Hazırlıksız yakalanan Xie Bi An, Fan Wu She’nin kollarına sürüklendi.
İkisinin burunları neredeyse birbirine değiyordu. Gözleri birbirine çok yakındı. Etraflarındaki hava, giderek ısınıyordu; sanki ufak bir kıvılcım çıksa ortalık alev alacaktı.
Fan Wu She’nin göğsü yükseldi ve alnındaki damarlar belirginleşti. Özlem uzun süre bastırılırsa, patladığında sel gibi akardı ve zaten neredeyse sınırına ulaşmıştı.
Xie Bi An da onunla eşit derecede kontrolden çıkmıştı. Umutsuzca kendini, rüyasını hatırlamaktan alıkoymaya çalışıyordu. Fakat neden kendi Shidi’sine sarılırken rüyasındaki o görüntüler, sesler, kokular ve hisler durdurulamaz bir şekilde zihninde tekrar canlanıyordu?!

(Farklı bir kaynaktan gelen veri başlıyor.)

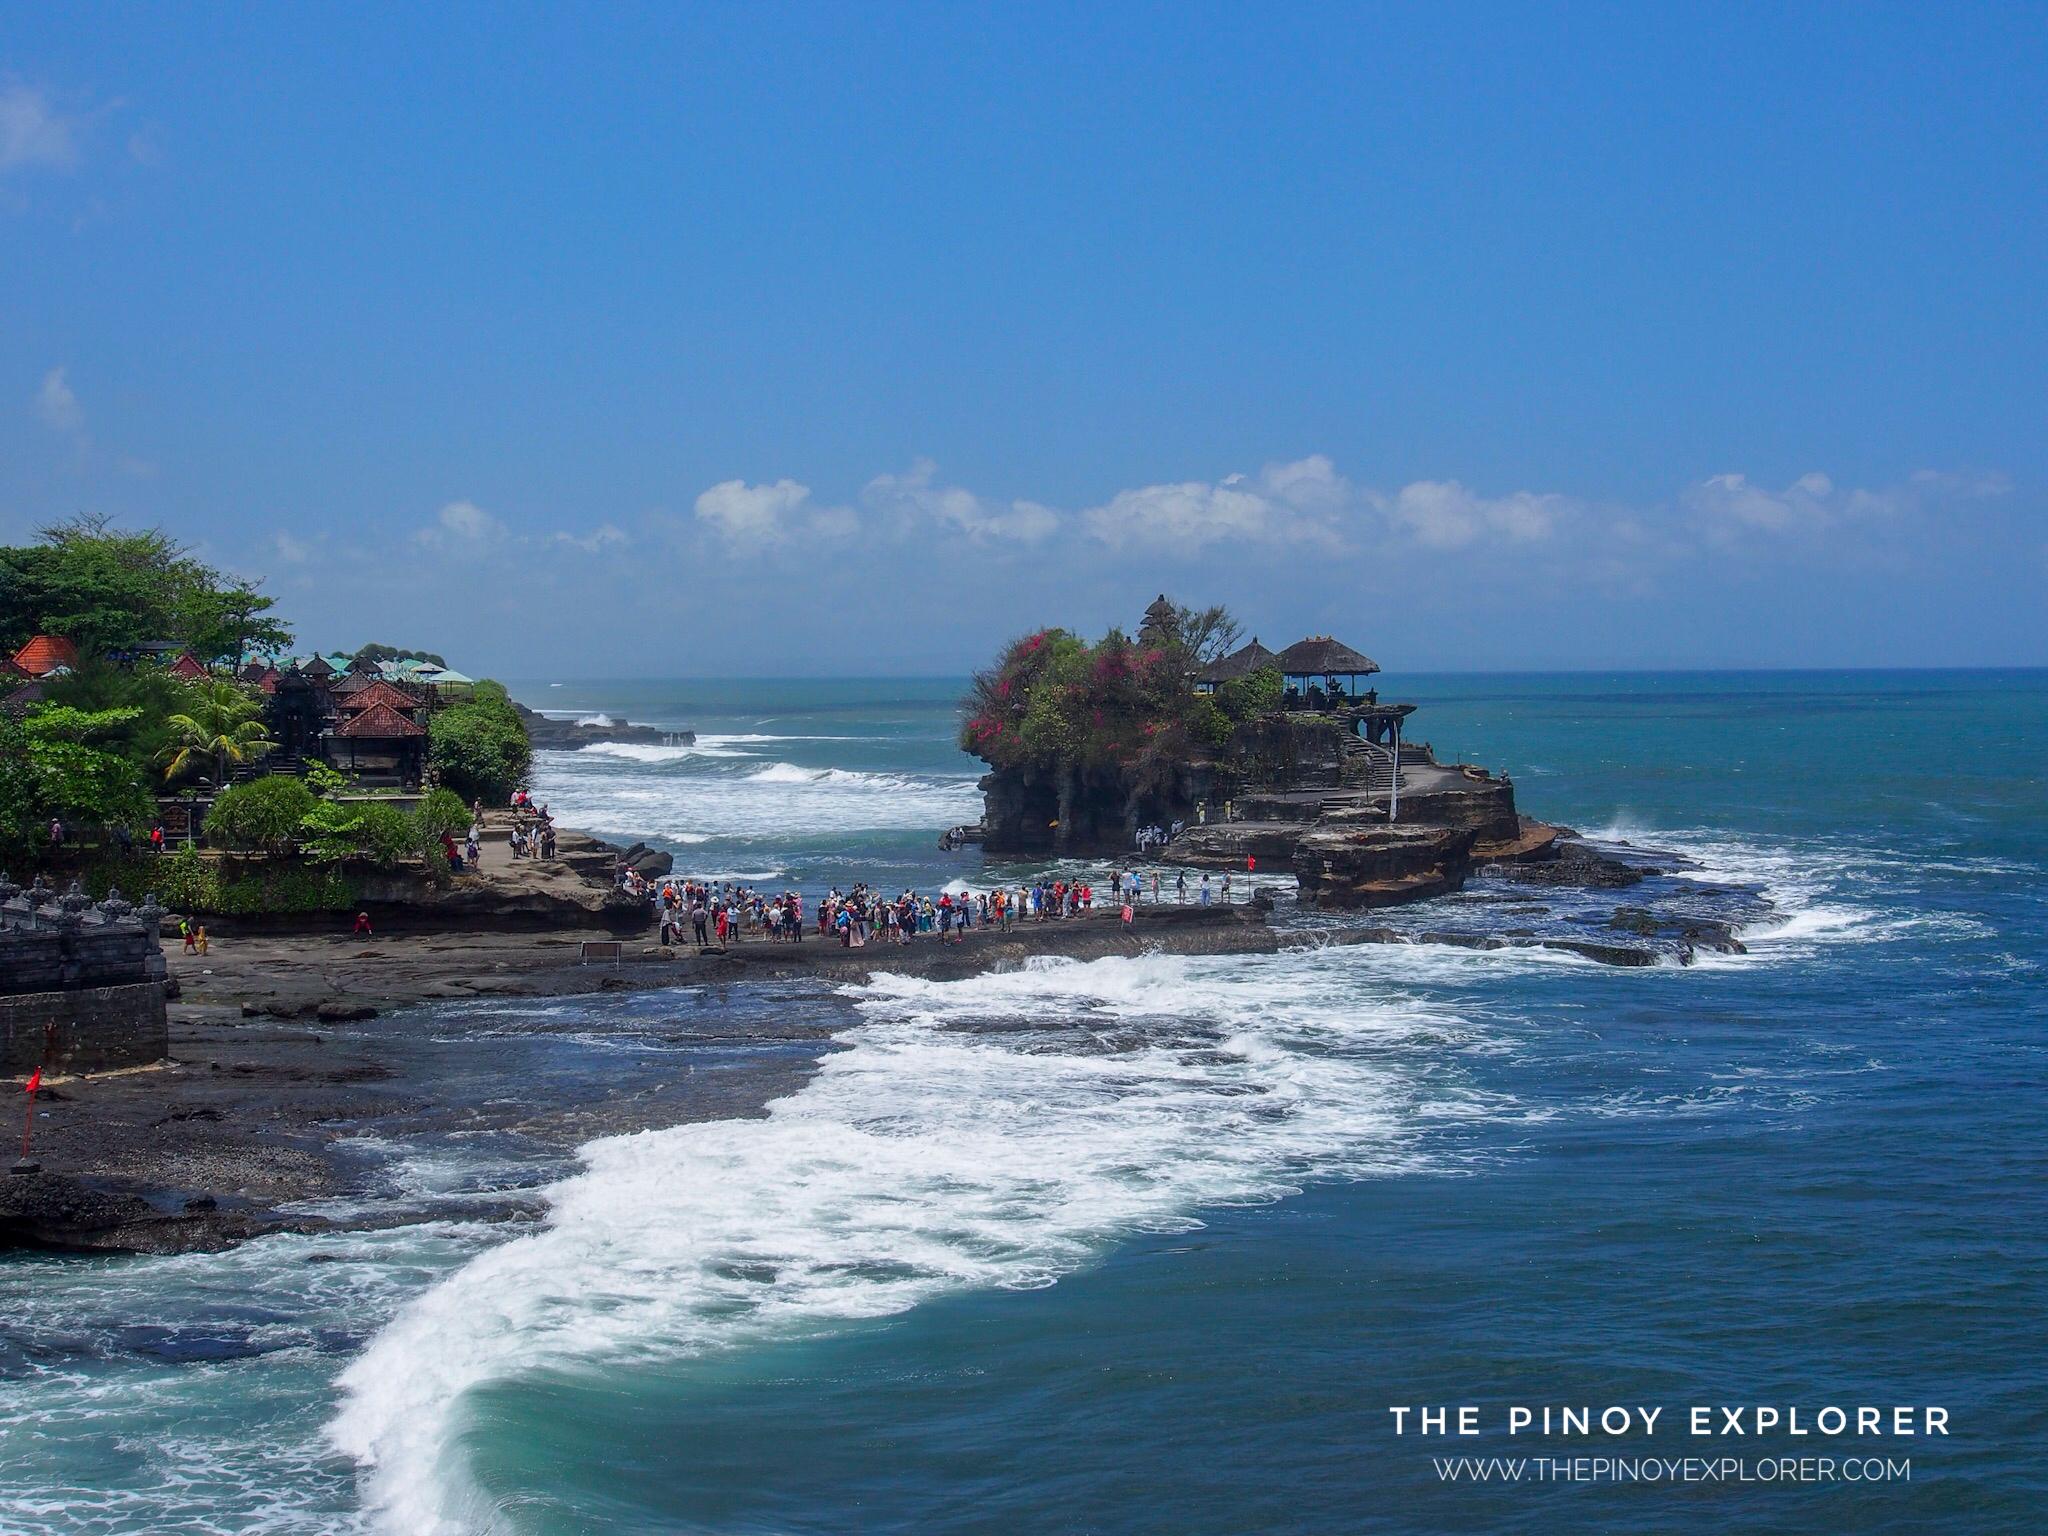 A glimpse of Bali

Hayır, erkeklerden hoşlanmıyordu. Bu doğru olamazdı. Kendi Shidi’si hakkında böyle şeyler düşünmesi hem çok nahoştu hem de çok uygunsuzdu!
Xie Bi An çıldırmak üzereydi, ayağa kalkmak için mücadele ediyordu.
Fakat Fan Wu She kaba kuvvet kullanarak onun belini kendine doğru bastırdı, gözleri ona derin bir şekilde bakıyordu ve ardındaki açgözlülüğü gizlemeye çalışıyordu.
“… Wu She.”
Xie Bi An aniden bedenindeki bütün tüylerin diken diken olduğunu hissetti. Vahşi bir canavar tarafından takip edilen bir av gibi görünüyordu.
“Shixiong,” dedi Fan Wu She, Xie Bi An’ın kaçamak bakışlarının peşinden giderek, gözlerini ayırmasına izin vermedi. Hemen sonrasında sakin bir şekilde, o şok edici yıldırım okunu fırlattı, “O kitabı okurken tek düşündüğümün sen olduğunu bilmeni istiyorum.”
Xie Bi An donakaldı.
Fan Wu She hafifçe gülümsedi ve zaten büyüleyici olan tilki gözleri o anda daha da çekici hale geldi. Kendisini Xie Bi An’ın kulağına bastırdı, ses tonu davetkârdı, “Artık aklım fikrim seninle dolu.”
Cümlesi bittiğinde, kıpkırmızı olan kulağa yumuşak bir öpücük kondurdu.
Xie Bi An üstüne yıldırım düşmüş gibi hissediyordu, neredeyse Fan Wu She’nin üstünden hızla fırlayacaktı. Yanakları kızardı, bir süre dehşet içinde Fan Wu She’ye baktı ve sonra oradan telaşla kaçtı.
Fan Wu She ardına kadar açılmış olan kapıya baktı. Dilinin ucunu yavaş yavaş kendi dudaklarının üzerinde gezdirirken, gözlerinde sonsuz bir arzu birikiyordu.